Metropolis-Hastings Expectation Maximization Algorithm for Incomplete Data  

Cheon, Soo-Young (Department of Informational Statistics, Korea University)
Lee, Hee-Chan (Department of Economics and Statistics, Korea University)
Publication Information
The Korean Journal of Applied Statistics / v.25, no.1, 2012 , pp. 183-196 More about this Journal
Abstract
The inference for incomplete data such as missing data, truncated distribution and censored data is a phenomenon that occurs frequently in statistics. To solve this problem, Expectation Maximization(EM), Monte Carlo Expectation Maximization(MCEM) and Stochastic Expectation Maximization(SEM) algorithm have been used for a long time; however, they generally assume known distributions. In this paper, we propose the Metropolis-Hastings Expectation Maximization(MHEM) algorithm for unknown distributions.

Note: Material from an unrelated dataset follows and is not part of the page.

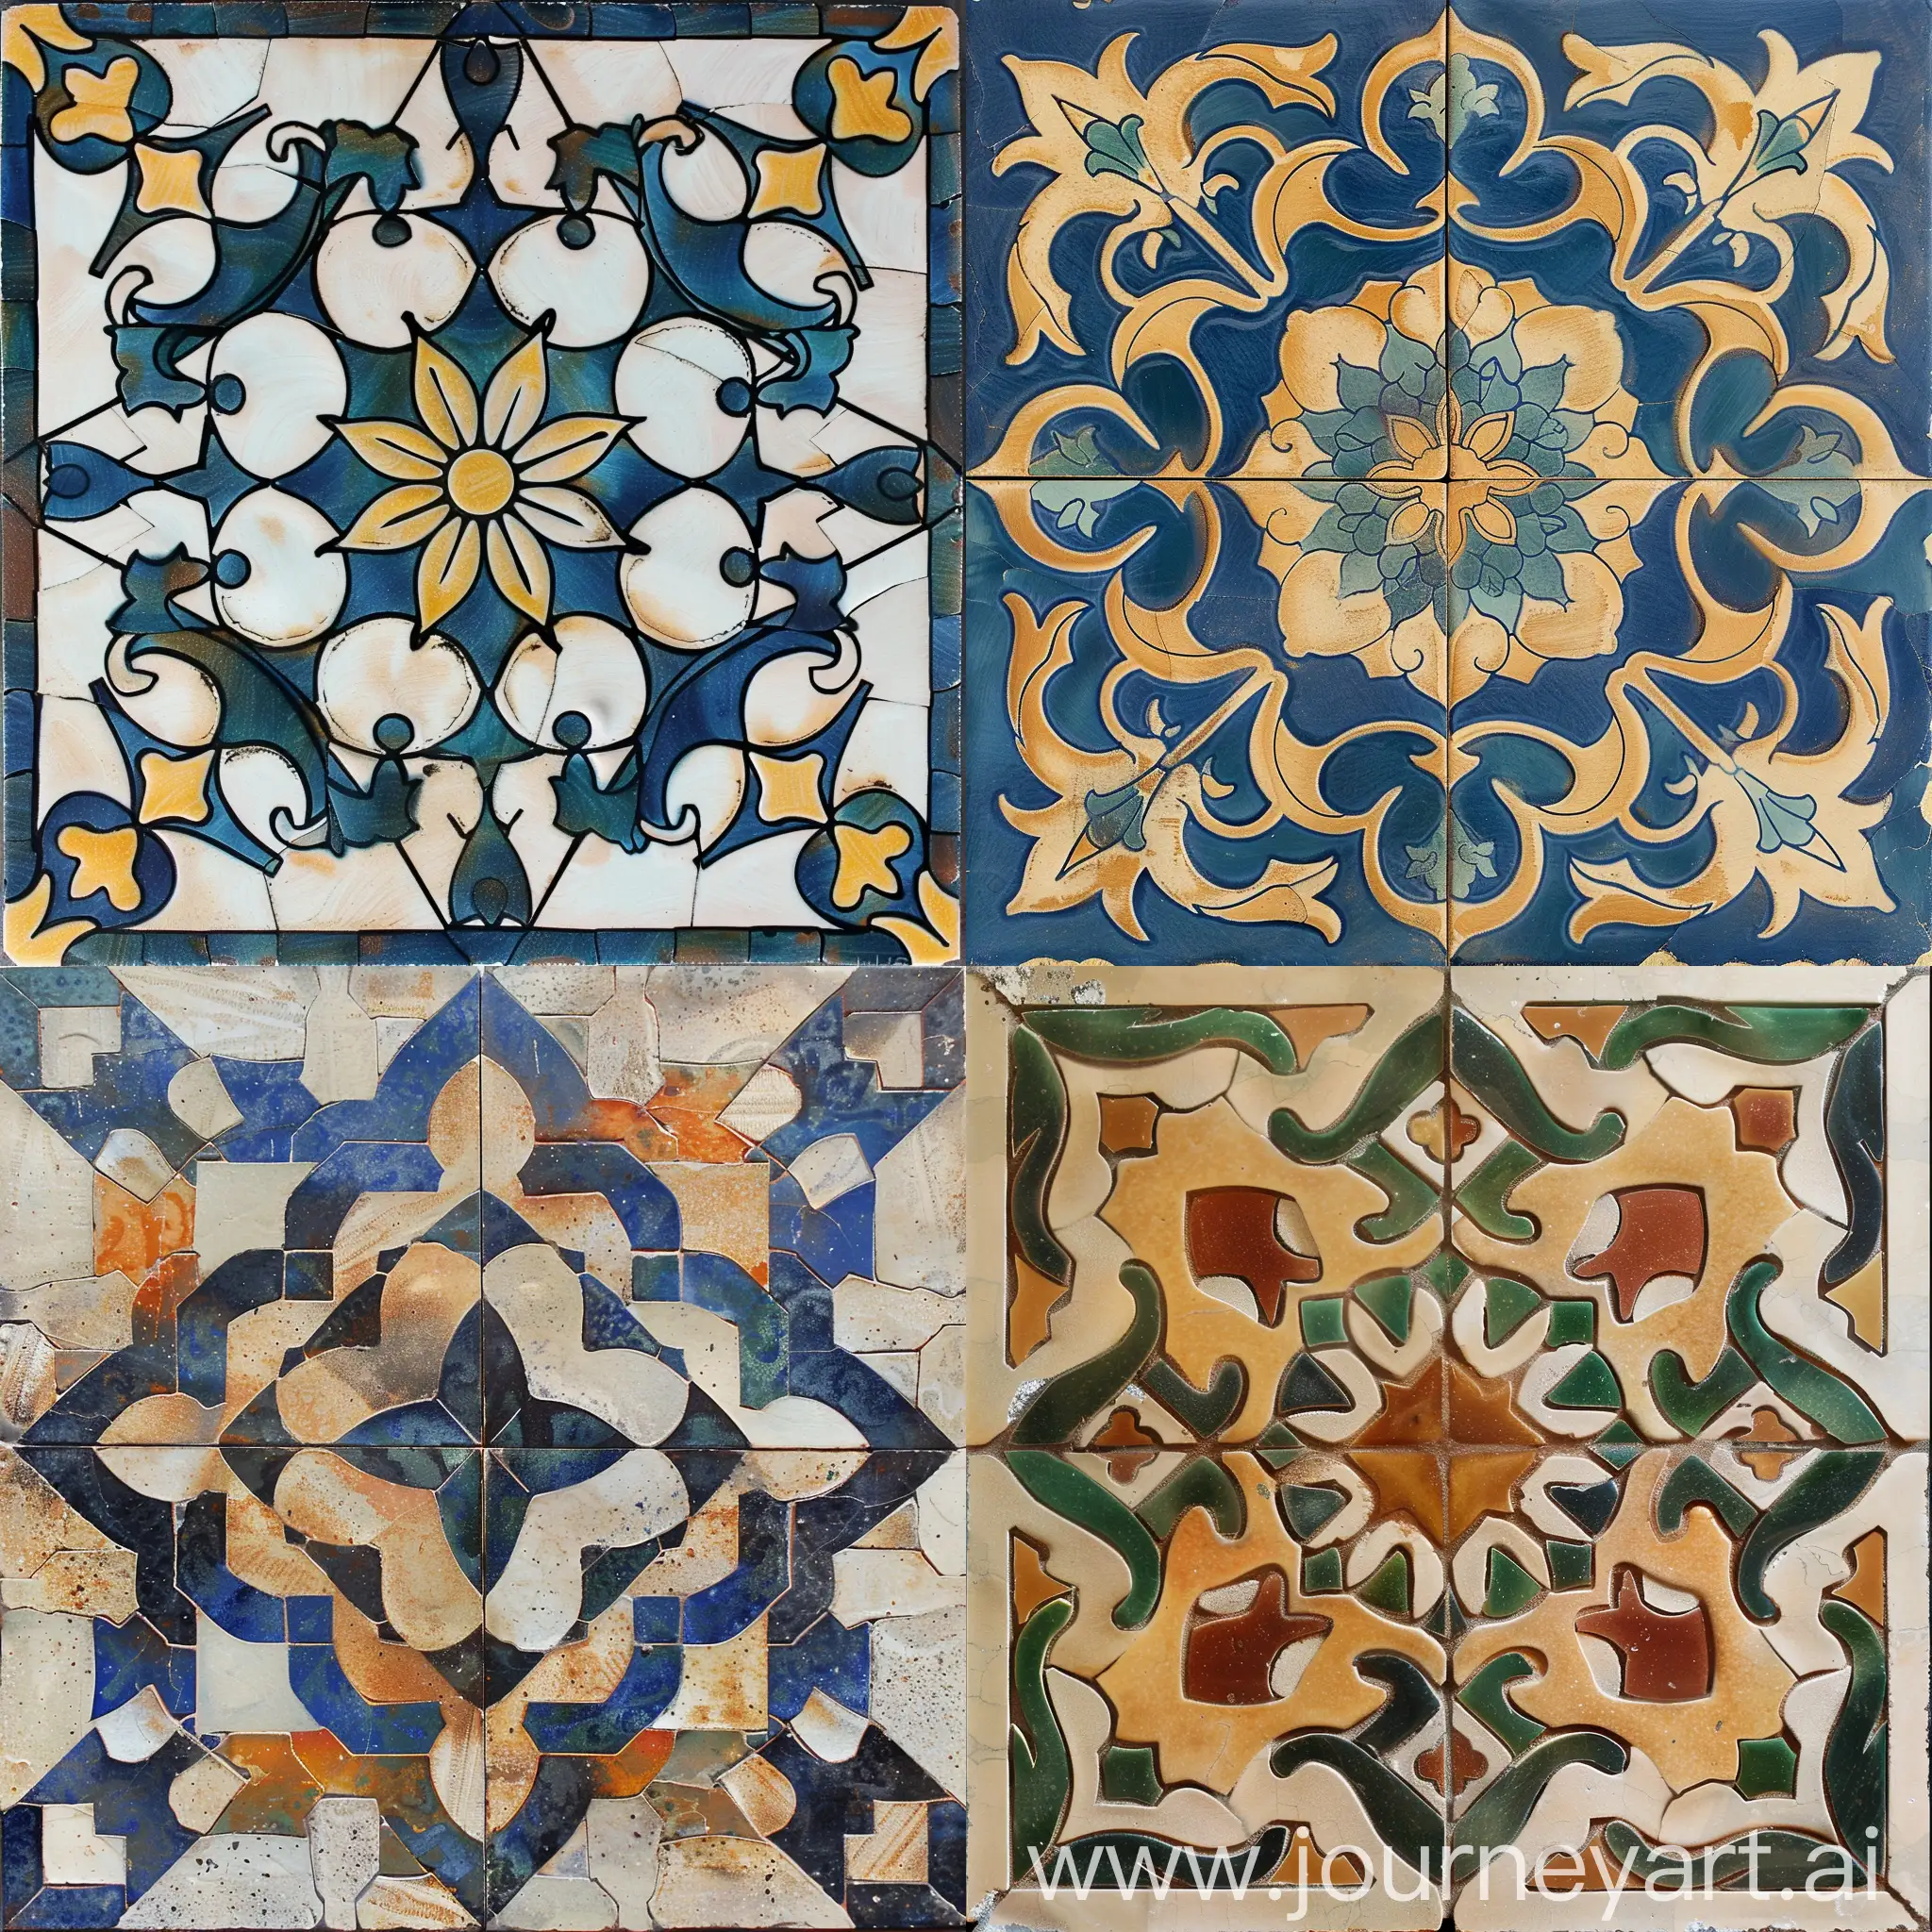 Arabesque tile decoration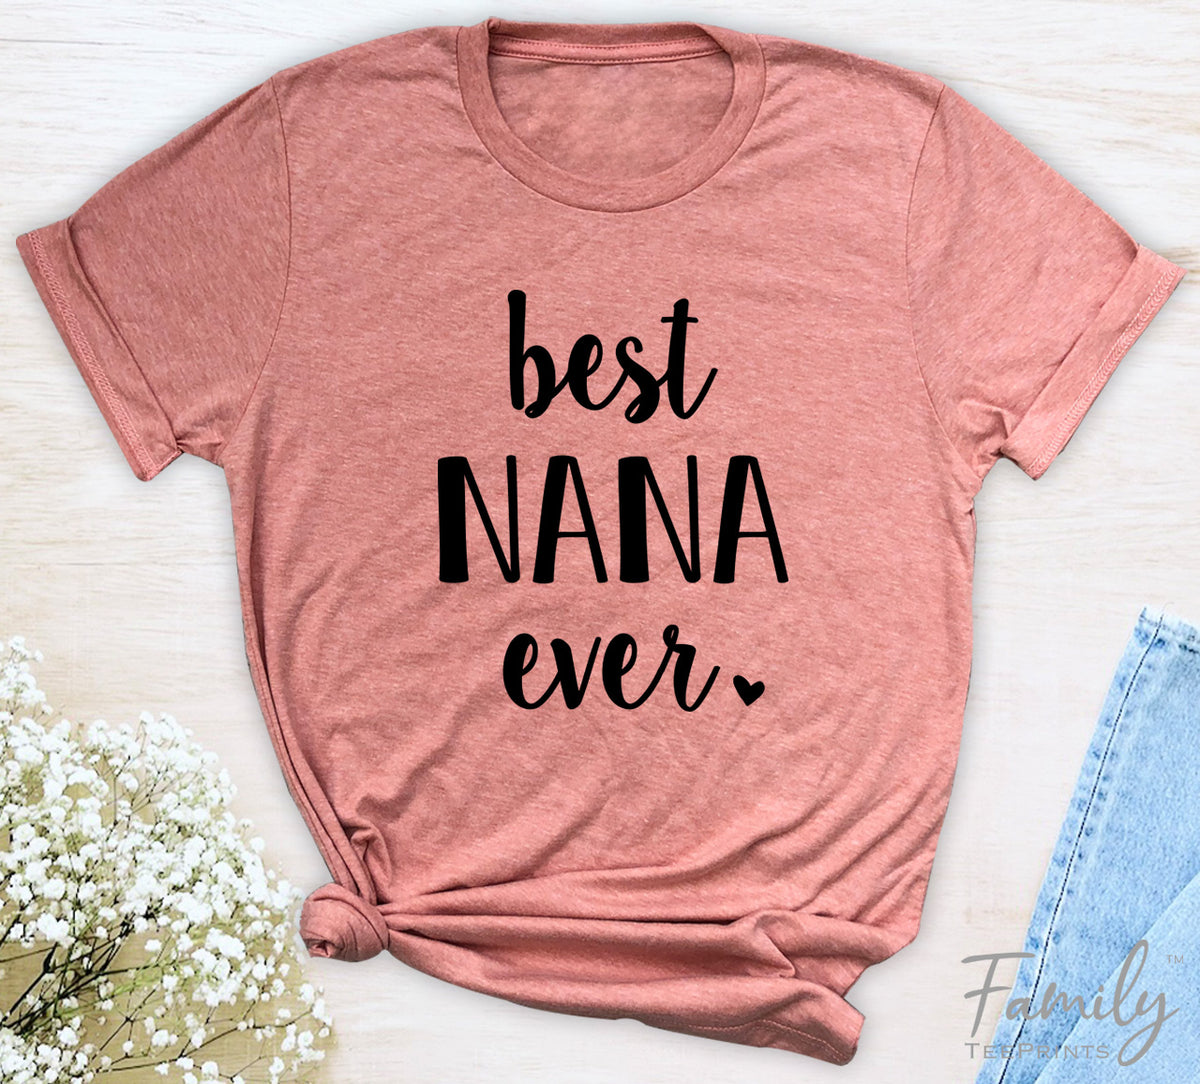 Best Nana Ever - Unisex T-shirt - Nana Shirt - Gift For New Nana - familyteeprints

The performance of our proposed algorithm has been investigated on simulated and real dataset, KOSPI 200.
Keywords
Incomplete data; Expectation Maximization; Monte Carlo Expectation Maximization; Stochastic Expectation Maximization; Metropolis-Hastings Expectation Maximization;
Citations & Related Records
Times Cited By KSCI : 1  (Citation Analysis)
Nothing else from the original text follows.